カツ、コツ、カツ、コツ冷たい大気に足音だけがこだまする。明かりは非常口の緑の電灯のみ、夜目が相当利かないと足元さえ見えない。まあ俺は夜目が利くほうなんだがな・・・・・。
ゾクリ、そう思ったところで背筋に強烈な悪寒が走る。今すぐにこの場から走り去って布団の中で震えたくなるような悪寒、風なんか目じゃないほど強烈な奴が俺を襲う。
「来たな」
だが俺は逃げることも立ち尽くすこともしない、ただ廊下を歩き続ける。
位置は2年4組を通り過ぎ、もうじき3組になろうかと言うところか、そんなところだった。
グワッシャーン!2組で凄まじい音がした、そう・・・・・・木の板か何かを叩き割ったような音が・・・・・
「やっぱりな!やっぱり出やがった!」
俺は2組へと走って向かった・・・・・・それがとある少女の運命を変えることも知らずに・・・・・・・・・・
続く・・・・・・・・
どうも今日はたけひろです。
この小説は魔法少女まどか☆マギカを見ている途中突然書きたくなったものです。
僕は基本アニメはアクション見ることが多いのですが、「スタッフが馬鹿みたいに豪華だから魔法少女まどか☆マギカ見ろよ」大変強く勧められたので見ることとなりました。
今まで魔法少女モノといったらなのはの1期しか見てないので定番の魔法少女モノを見てきた方にはこの小説は「なんじゃこりゃ」と移るかも分かりませんが、これがボクの世界です、アンリミテッドタケヒロワークスと言った感じです(わけが分からん)。
魔法少女らしいファンタジーよりもアクションに分類される上に主人公は17歳の男です。

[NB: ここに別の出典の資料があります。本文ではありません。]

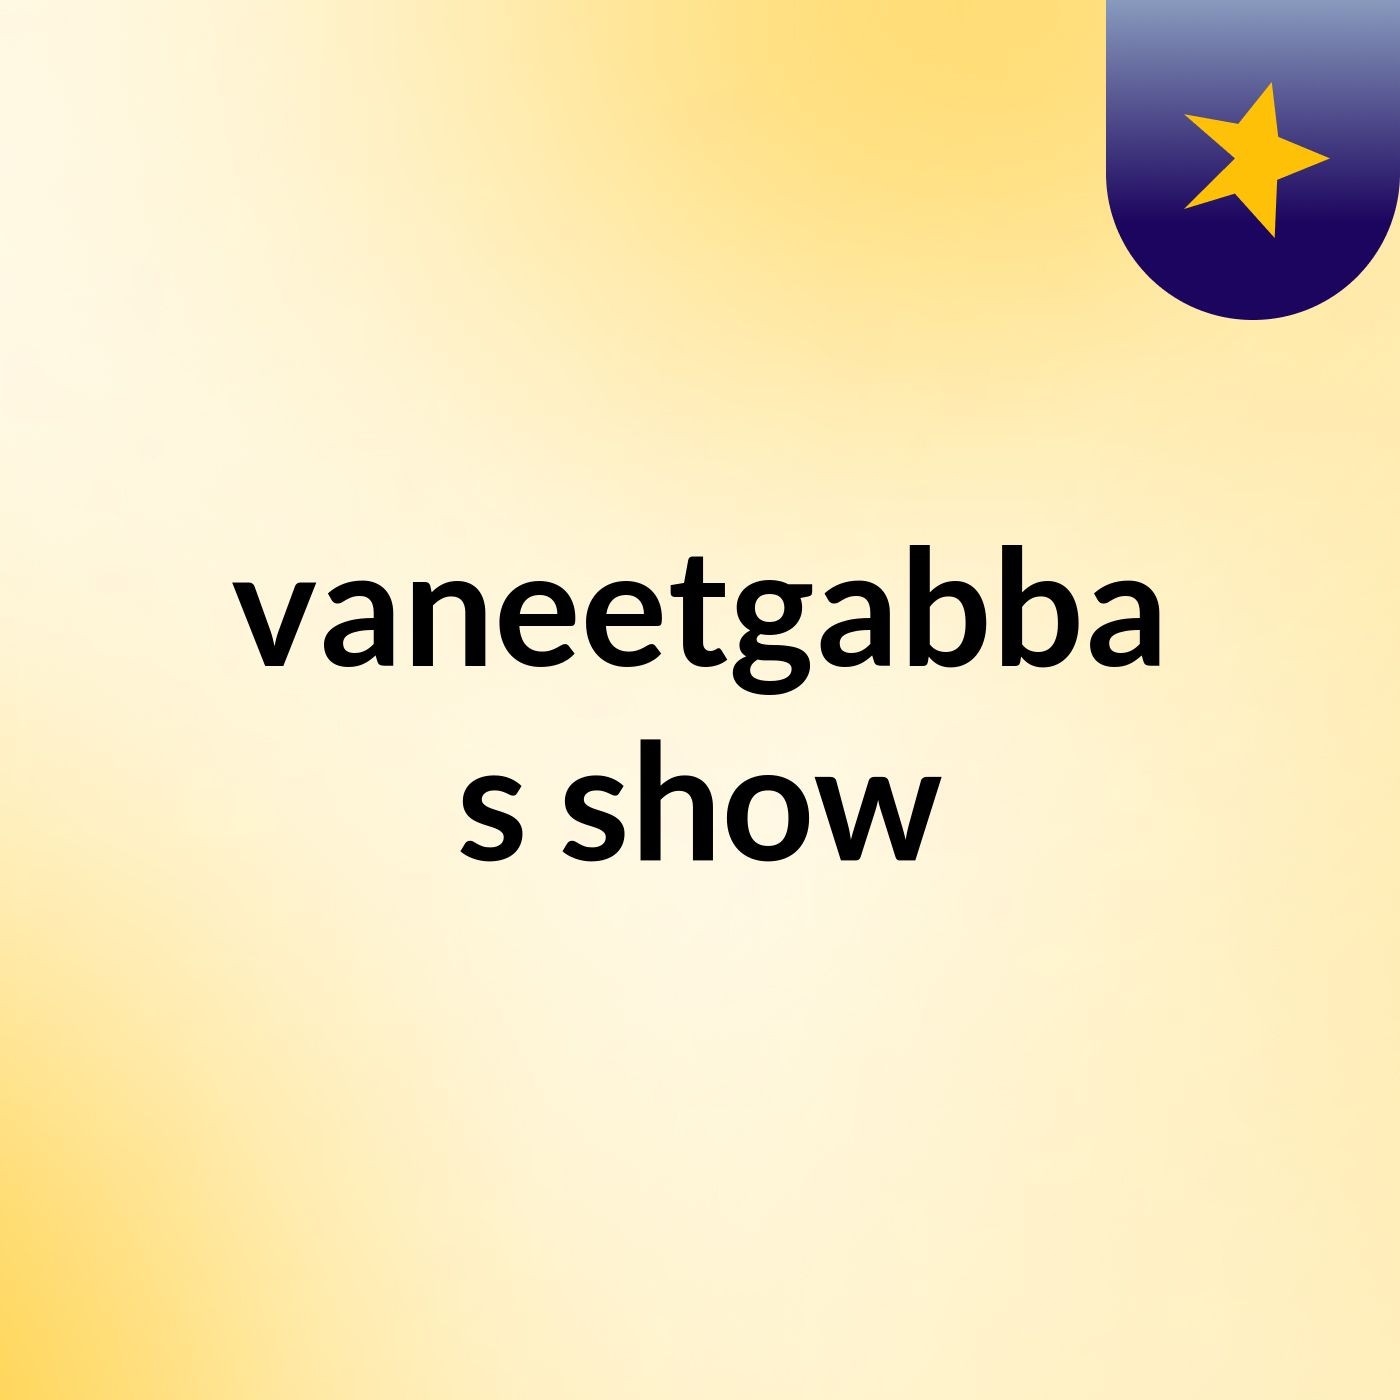 vaneetgabba's show

「魔法少女まどか☆マギカの原型残ってねえし」と思いますがまさにその通りです、ただあのアニメがきっかけになっただけなのです。
別のガンアクション小説と同時進行ですのでそんなに更新は頻繁には出来ませんがお付き合いいただければ光栄です。
ではまた次回お会いしましょう、さらば!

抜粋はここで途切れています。